Archive for March 1, 2013

Computational Thinking in K–12: A report in Ed Researcher

Shuchi Grover and Roy Pea (Stanford) have a review of the field of computational thinking in K-12 schools in this month’s Educational Researcher.  It’s a very nice paper.  I’m excited that the paper is published where it is!  Educational Researcher is the main publication venue for the largest education research organization in the United States (American Educational Research Association).  Roy has been doing work in computing education for a very long time (e.g., “On the prerequisites of learning computer programming,” 1983, Pea and Kurland).  This is computational thinking hitting the education mainstream.

Jeannette Wing’s influential article on computational thinking 6 years ago argued for adding this new competency to every child’s analytical ability as a vital ingredient of science, technology, engineering, and mathematics (STEM) learning. What is computational thinking? Why did this article resonate with so many and serve as a rallying cry for educators, education researchers, and policy makers? How have they interpreted Wing’s definition, and what advances have been made since Wing’s article was published? This article frames the current state of discourse on computational thinking in K–12 education by examining mostly recently published academic literature that uses Wing’s article as a springboard, identifies gaps in research, and articulates priorities for future inquiries.

via Computational Thinking in K–12.

March 1, 2013 at 1:38 am 1 comment

IT skills shortage hampers UK response to cybersecurity needs

From the US yesterday to the UK today, there’s a similar theme connecting computing education and cybersecurity. Maybe the next round of government investment in computing education is going to happen with a goal of providing more warriors (and defenders) in the cybersecurity wars.  The UK is worried (below) that the lack of computing education in schools means that not enough kids are getting interested in computing to work in cybersecurity.

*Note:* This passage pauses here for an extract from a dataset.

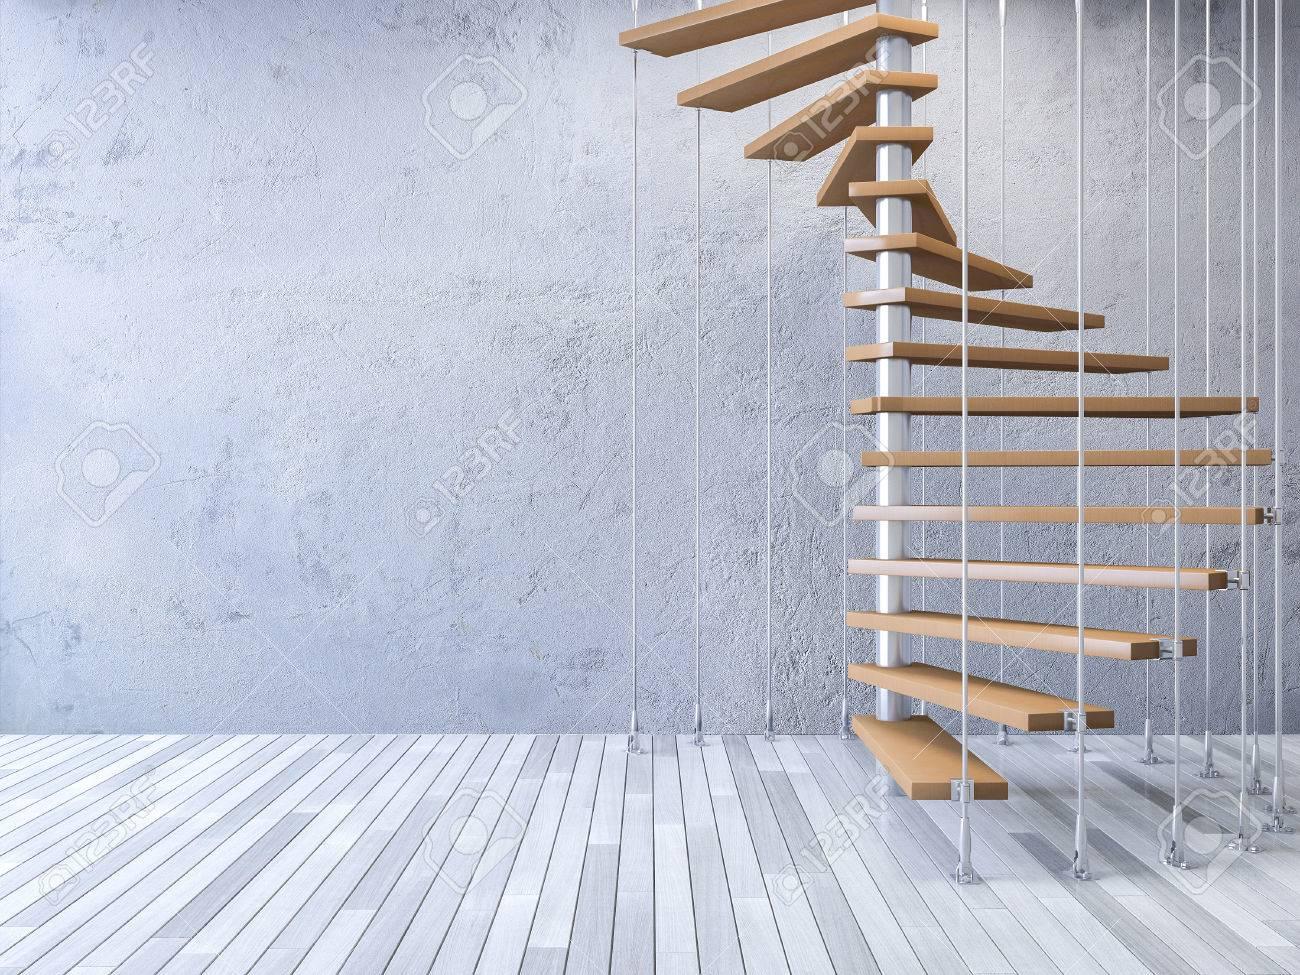 ds rindi la imagen de la escalera de caracol de madera colgado del techo por cables

A new report by the National Audit Office claims the IT security skills gap will take up to 20 years to close, and leave UK PLC at risk of attack.

The IT security skills shortage could hamper the UK’s ability to protect itself from cyber threats, as the “decade-long decline” in computer science teaching in schools and universities takes its toll.

via IT skills shortage hampers UK response to cyber threats | IT PRO.